Красная Волчица - Лиза Марклунд 35 стр.


Он трудно задышал, это было слишком тяжелое воспоминание, да и что он мог бы с этим поделать?

Он никогда не обманывал себя в том, что касалось его семьи, единственного, что у него еще оставалось.

Он повернулся спиной к студенческому общежитию, удерживая, сколько мог, окна второго этажа боковым зрением, потом дал им ускользнуть, чтобы никогда больше к ним не возвращаться.

Спотыкаясь, он побрел по Свартбексгатан, гул в голове стих, стало немного легче дышать. Вокруг высились дома. Он плохо помнил это место, украшенное символами приближающегося Рождества. Должно быть, эта улица в конце шестидесятых выглядела по-другому. Он немного выпрямился, опустил руку от уха, чтобы воспринять действительность во всей ее лжи, услышать безобразную какофонию витринных фальшивых песен. Они манили и звали — эти полуобнаженные пластиковые женщины без голов, пляшущие игрушки на батарейках Made in China, мигающий свет, заливающий утренние халаты и шелковые трусики. Все электронное — включить, зарядить, включить, зарядить.
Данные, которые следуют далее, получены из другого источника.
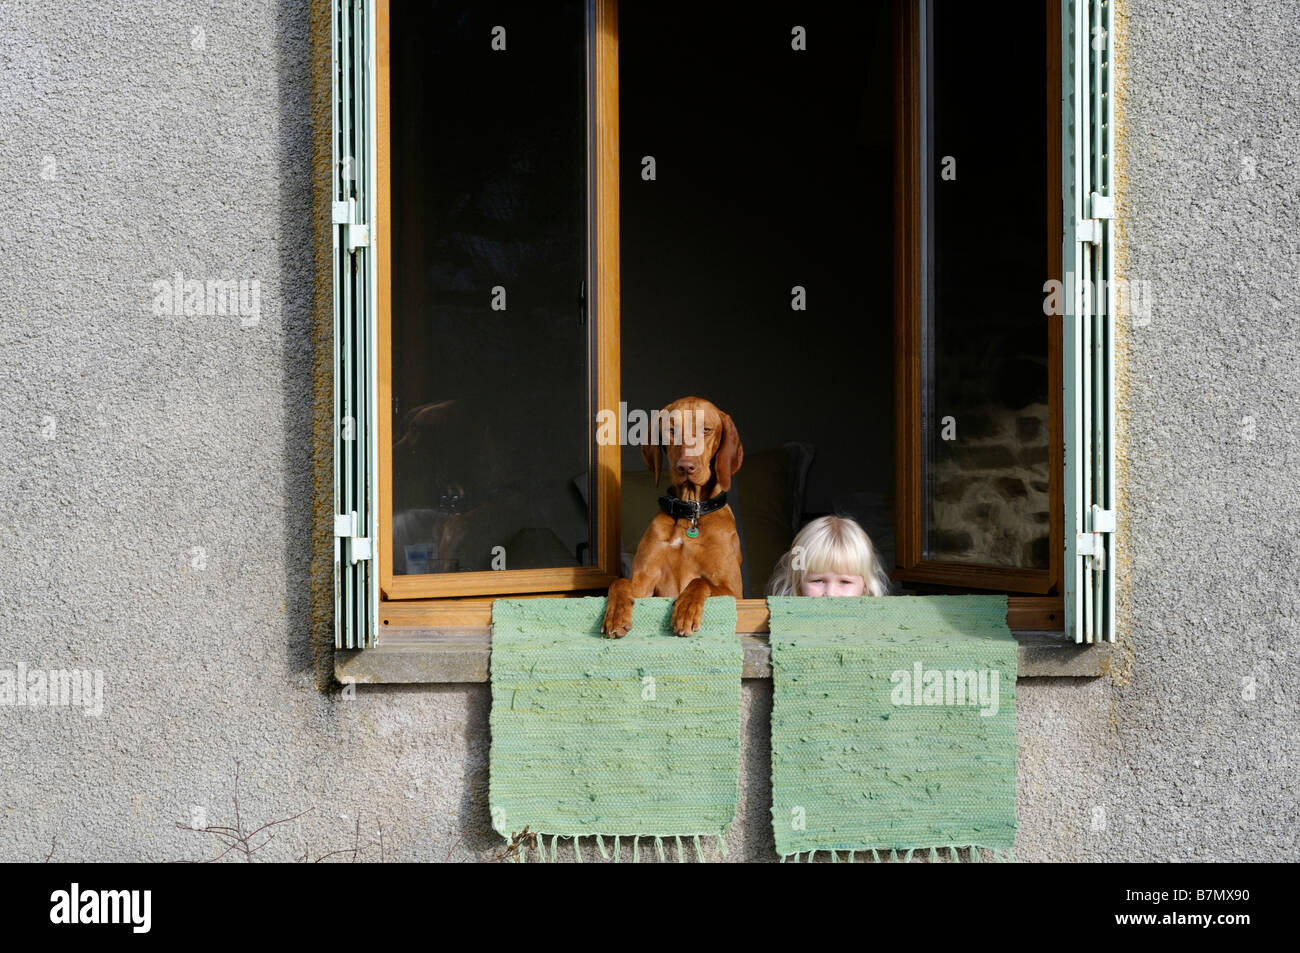 Stock photo of a little girl and her pet dog looking out of an open window Stock Photo
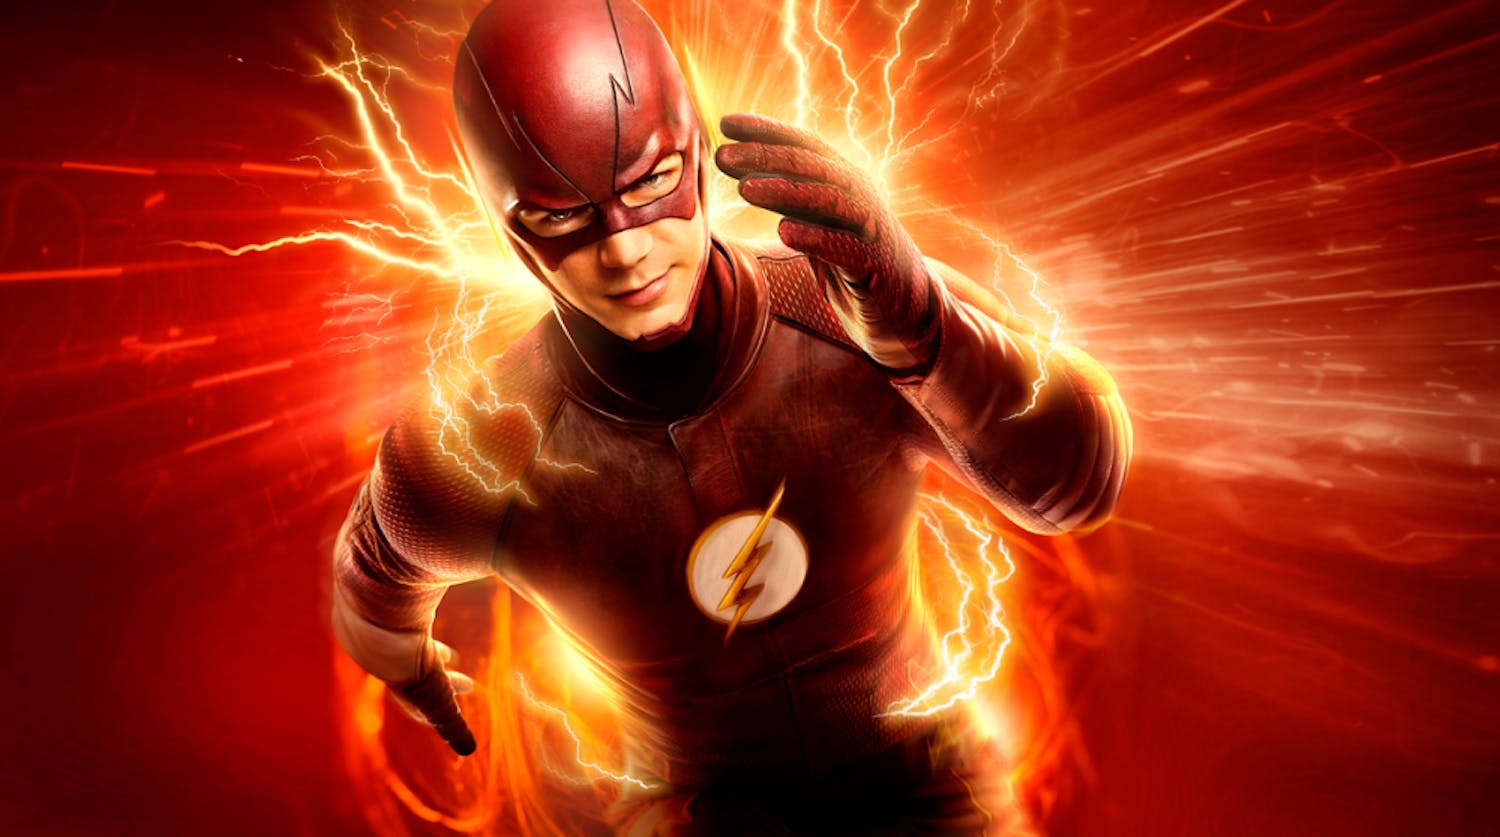 "The Flash"&nbsp;returns to The CW&nbsp;on Tuesday, October 9 at 7 p.m.

Стараясь спастись от этого зрелища, он поднял голову и принялся рассматривать гирлянды, протянутые к огромной, залитой золотистыми огнями елке, перегородившей улицу. Он еще выше задрал голову и увидел университет, стоящий слева дворец, храм Святой Каролины, хранилище бесценного сокровища, Codex Argenteus, Серебряного Евангелия.

Он остановился, затаил дыхание, прислушался к отдаленному реву чудища всеобщего потребления.

Сегодня и правда очень холодно. Таких морозов в это время он не помнил. Он всегда удивлялся тому, как неподвижный морозный морской воздух усиливает цвета и делает более ярким свет, четко обрисовывает контуры. Он долго смотрел на тяжеловесную, устремленную ввысь двойную башню церкви с ее таинственными тенями, на прозрачное небо. Зажмурил глаза. Как давно он не был здесь. Он успел забыть, что такой хрупкий хрустальный воздух бывает только в Упсале. Пережитое потянуло его внутрь здания, он чувствовал, как леденеют его ноги, горло. Зубы начали непроизвольно стучать от холода.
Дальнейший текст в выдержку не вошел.